Why every lab wants its own chip

Nvidia GPUs are general-purpose parallel processors — excellent at training, but carrying overhead that pure inference workloads don't need. Custom inference chips, tuned specifically for the matrix operations LLMs actually run in production, strip that overhead out. OpenAI's Jalapeño is reportedly showing around 50% cost savings versus standard GPU inference in early testing. At the volume frontier labs now operate — billions of inference calls daily — that's not a marginal optimization, it's a structural margin advantage. It's also a supply chain diversification play: reducing exposure to Nvidia's allocation decisions and pricing power, and in Anthropic's case, to any future export control shifts affecting GPU availability.
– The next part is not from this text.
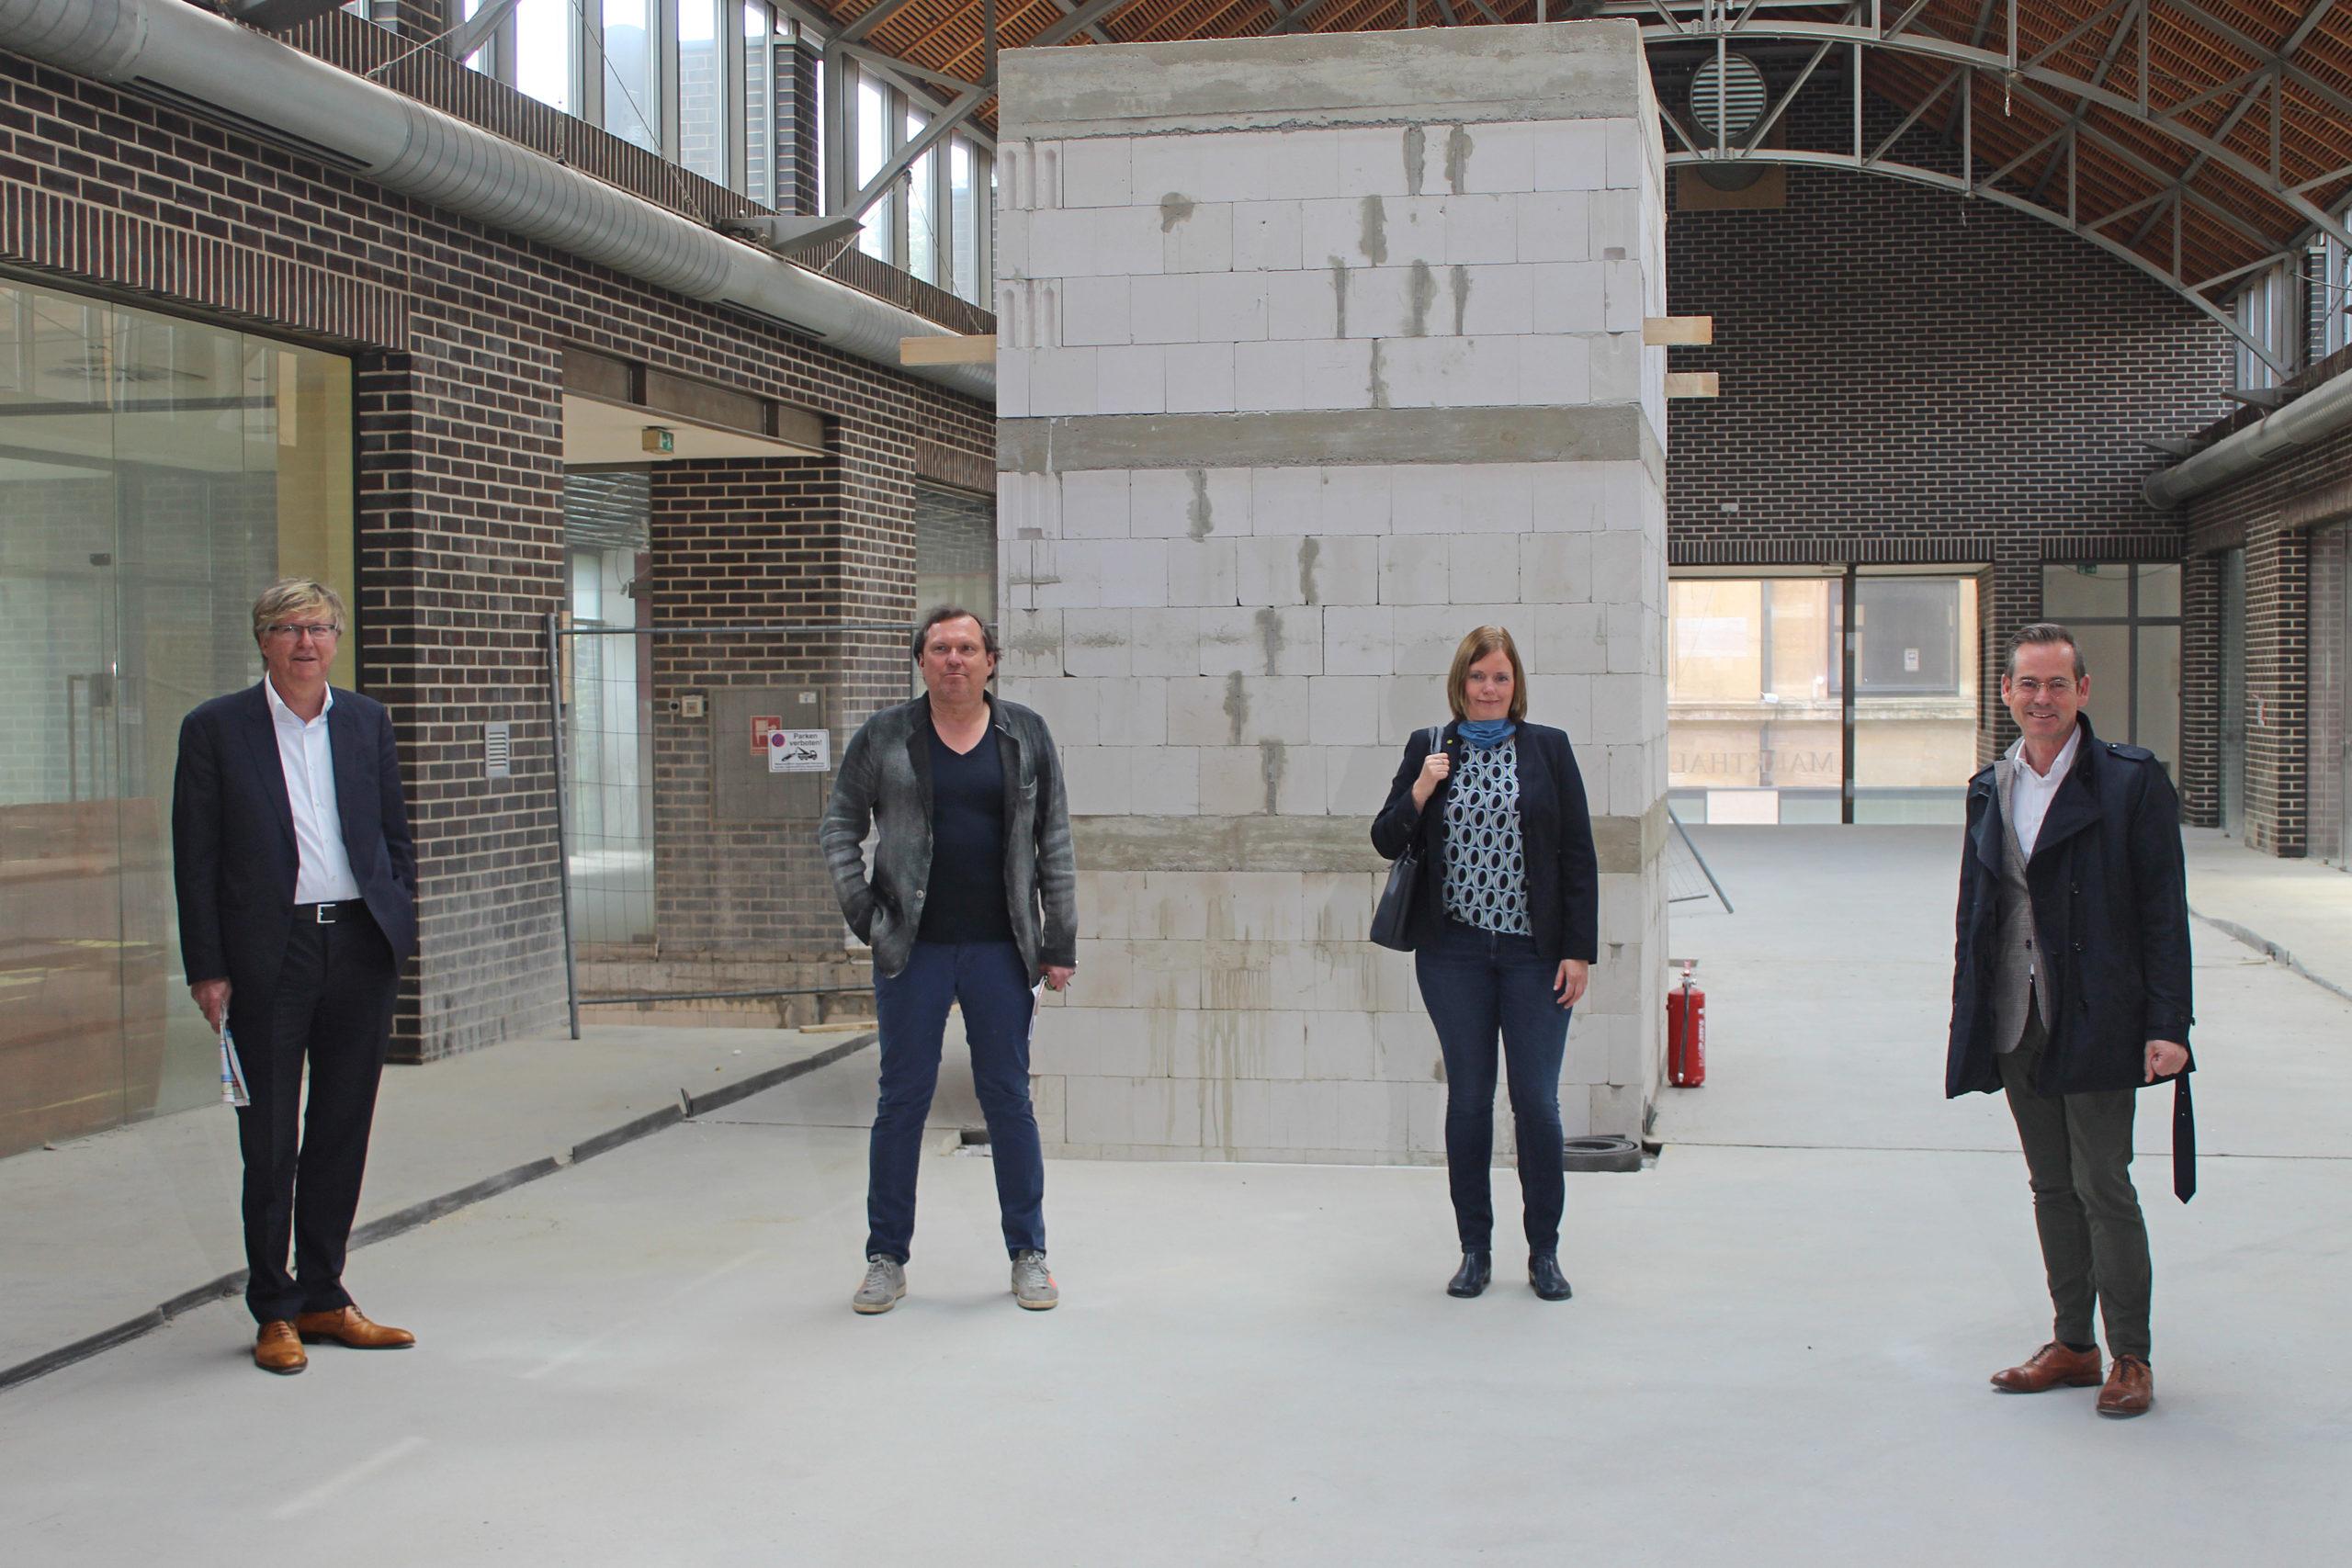 Markthalle in Buer vor der Eröffnung

What it means for your AI procurement

If you buy AI capacity from Claude, GPT, Gemini, or anyone else, your provider's chip strategy is quietly becoming a cost-forecasting input. A lab that successfully deploys custom inference silicon can pass along lower per-token pricing, improve latency, or protect margins during GPU scarcity that would otherwise show up as a price increase on your invoice. It also raises a question worth tracking: as labs diversify onto different silicon partners — Broadcom for OpenAI, potentially Samsung for Anthropic — will reliability and performance characteristics start to diverge in ways that affect your SLAs? Too early to answer, but worth adding to vendor evaluation criteria.

Practical takeaways

  1. Don't treat model selection as chip-agnostic — ask your AI vendors about their inference infrastructure roadmap directly.
  2. Watch for pricing shifts when a provider's custom chip moves from pilot to production, in either direction.
  3. Factor fab-partner concentration risk (Samsung, TSMC, or otherwise) into vendor risk assessments — it inherits that partner's geopolitical exposure.
  4. Revisit single-vendor AI strategies. With Sonnet 5, GPT-5.6, Grok 4.5, and GLM-5.2 all competing on cost-per-token, and now chip strategy diverging too, a single-provider bet carries more hidden risk than it did six months ago.
  5. Track chip-talent movement between labs as a leading indicator — hires like Clive Chan's often precede formal infrastructure announcements by months.

The chip itself is still theoretical, but the funding round, the hire, and the fab conversations all point the same direction. Treat your AI vendor's infrastructure strategy as a first-class procurement criterion — it's going to show up on your invoice eventually.